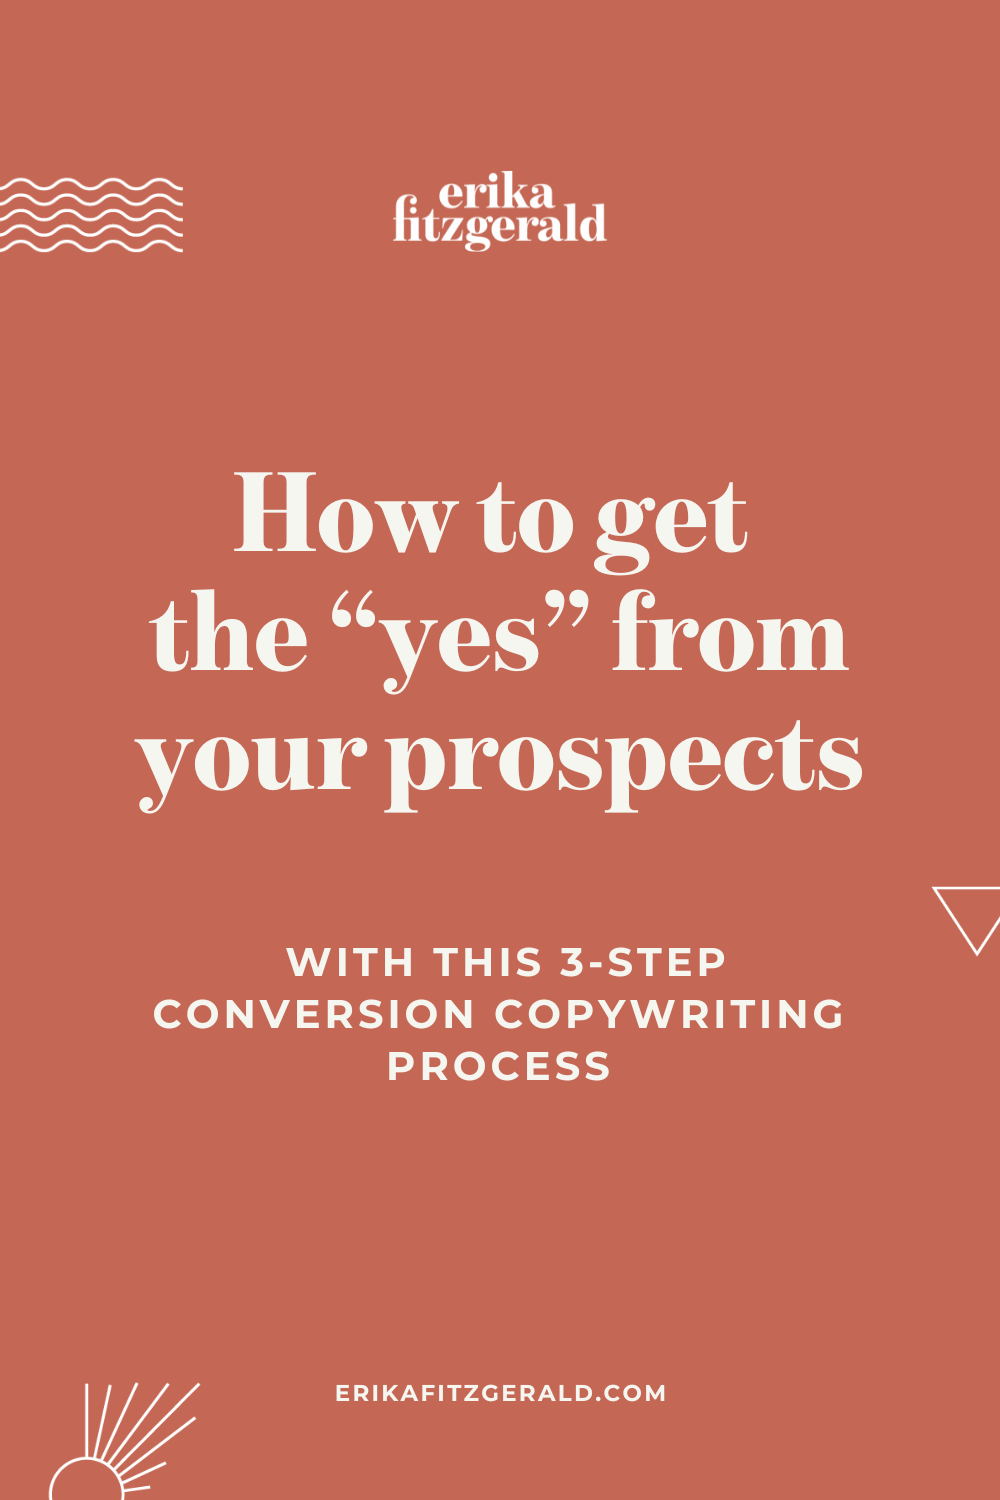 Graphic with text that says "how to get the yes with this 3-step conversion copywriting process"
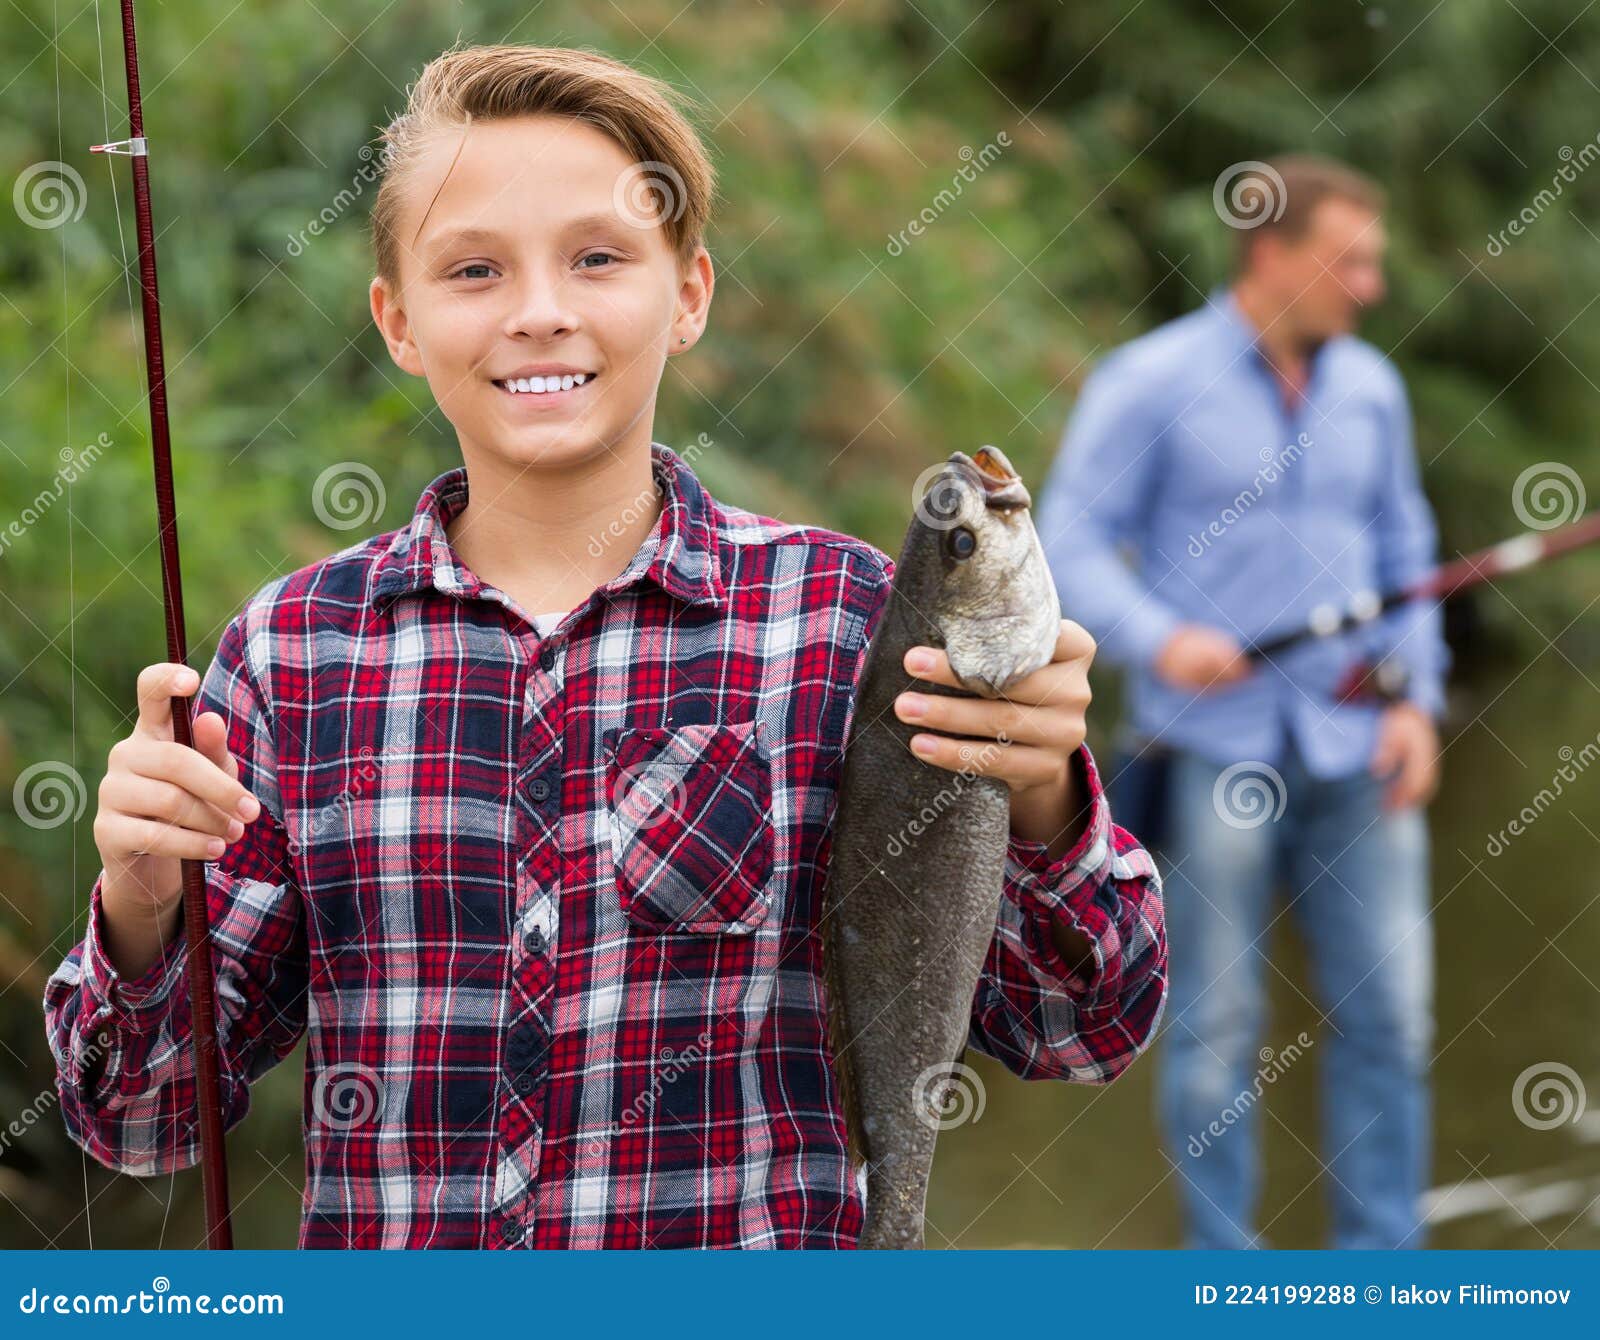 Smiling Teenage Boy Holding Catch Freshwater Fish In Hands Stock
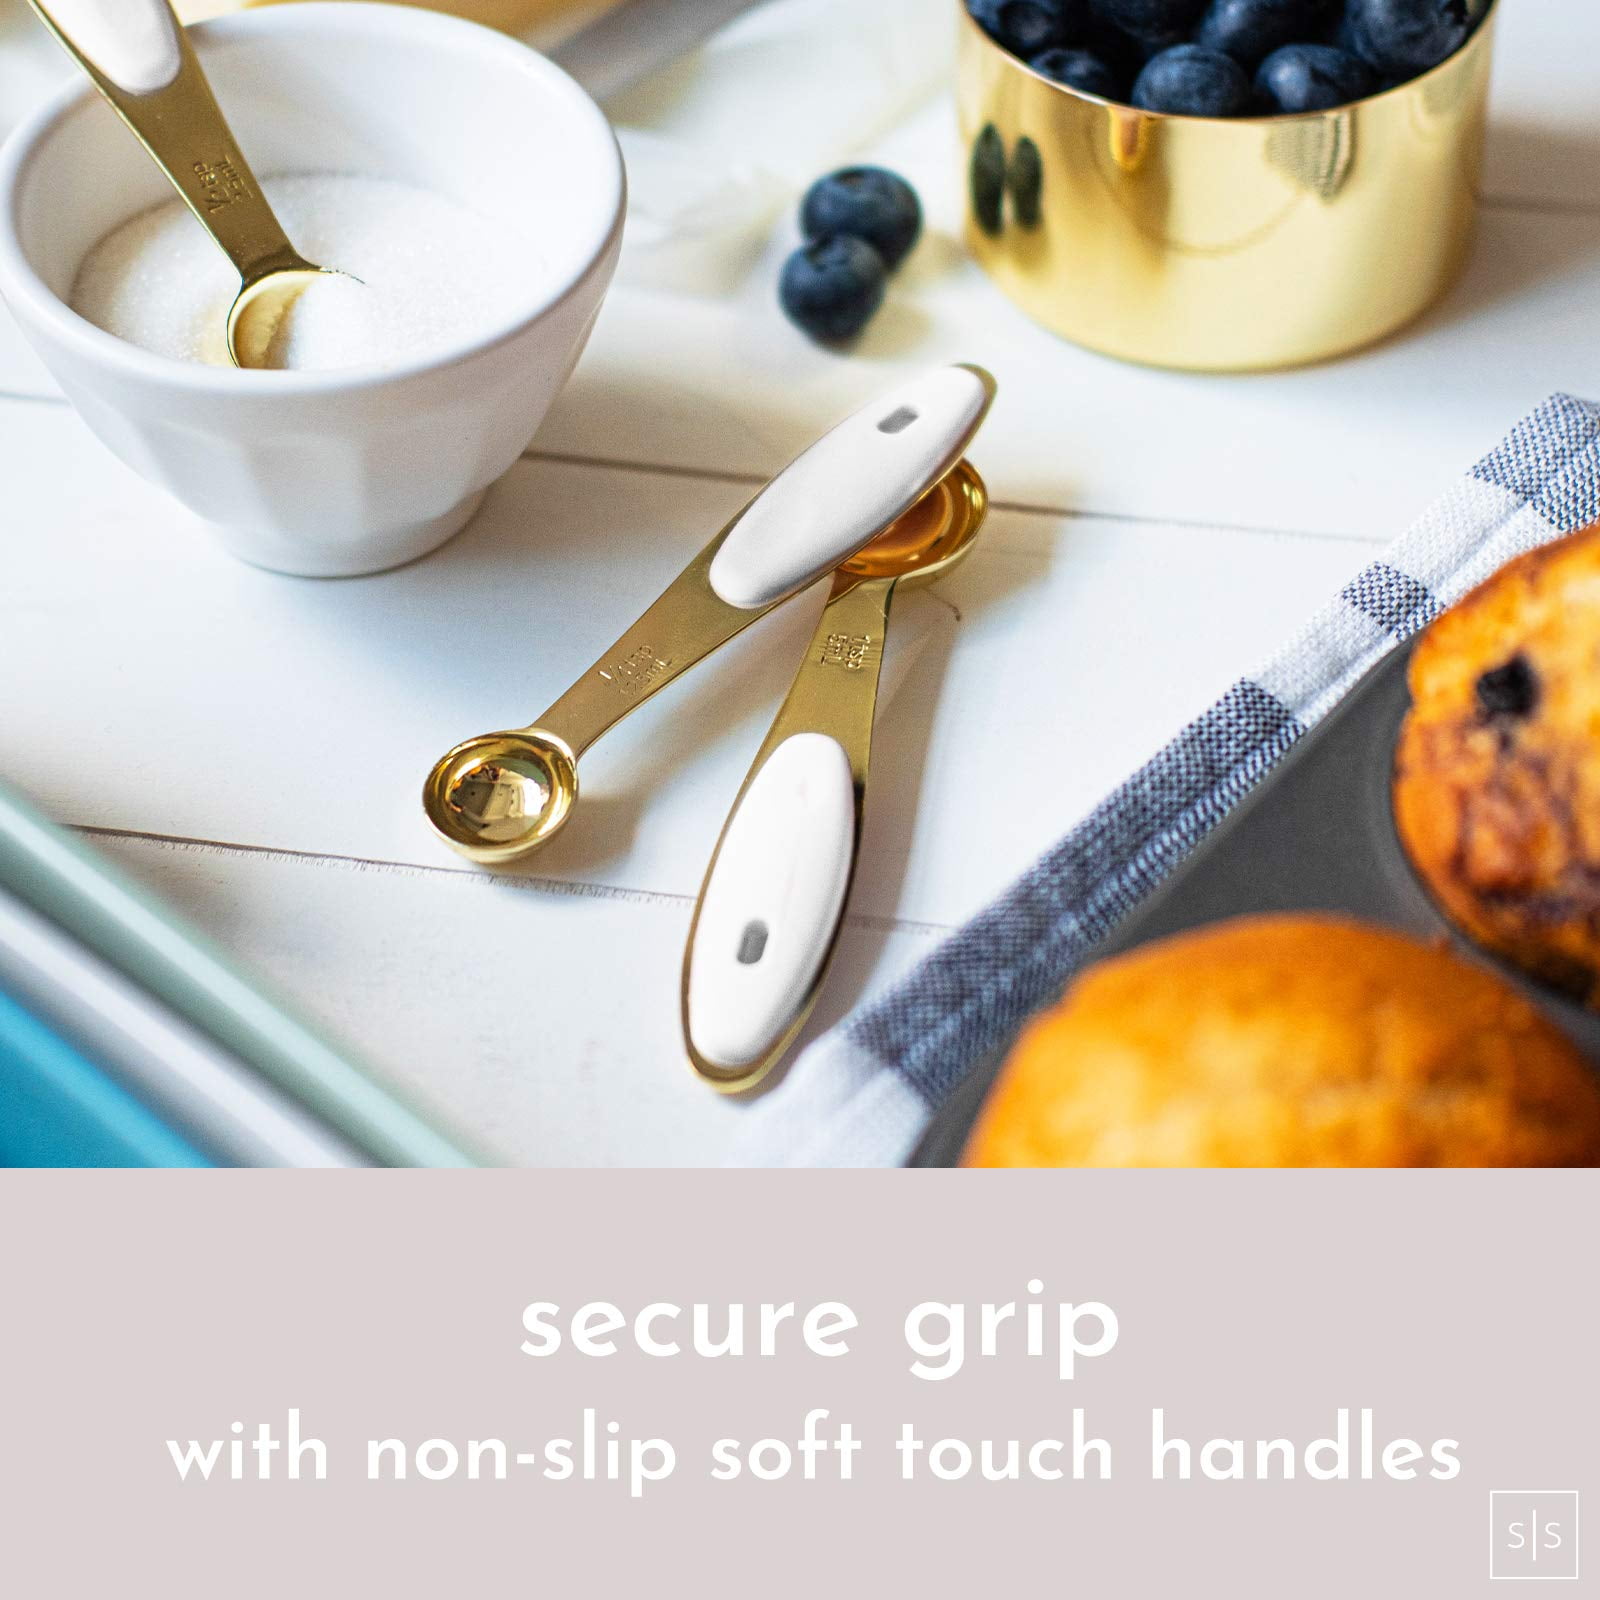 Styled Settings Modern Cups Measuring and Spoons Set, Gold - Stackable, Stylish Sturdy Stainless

-=-=-

Only the pictures are to be dropped; all other material above must be repeated exactly.

**Solution for this problem:**
 Graphic with text that says "how to get the yes with this 3-step conversion copywriting process"
 Smiling Teenage Boy Holding Catch Freshwater Fish In Hands Stock
 Styled Settings Modern Cups Measuring and Spoons Set, Gold - Stackable, Stylish Sturdy Stainless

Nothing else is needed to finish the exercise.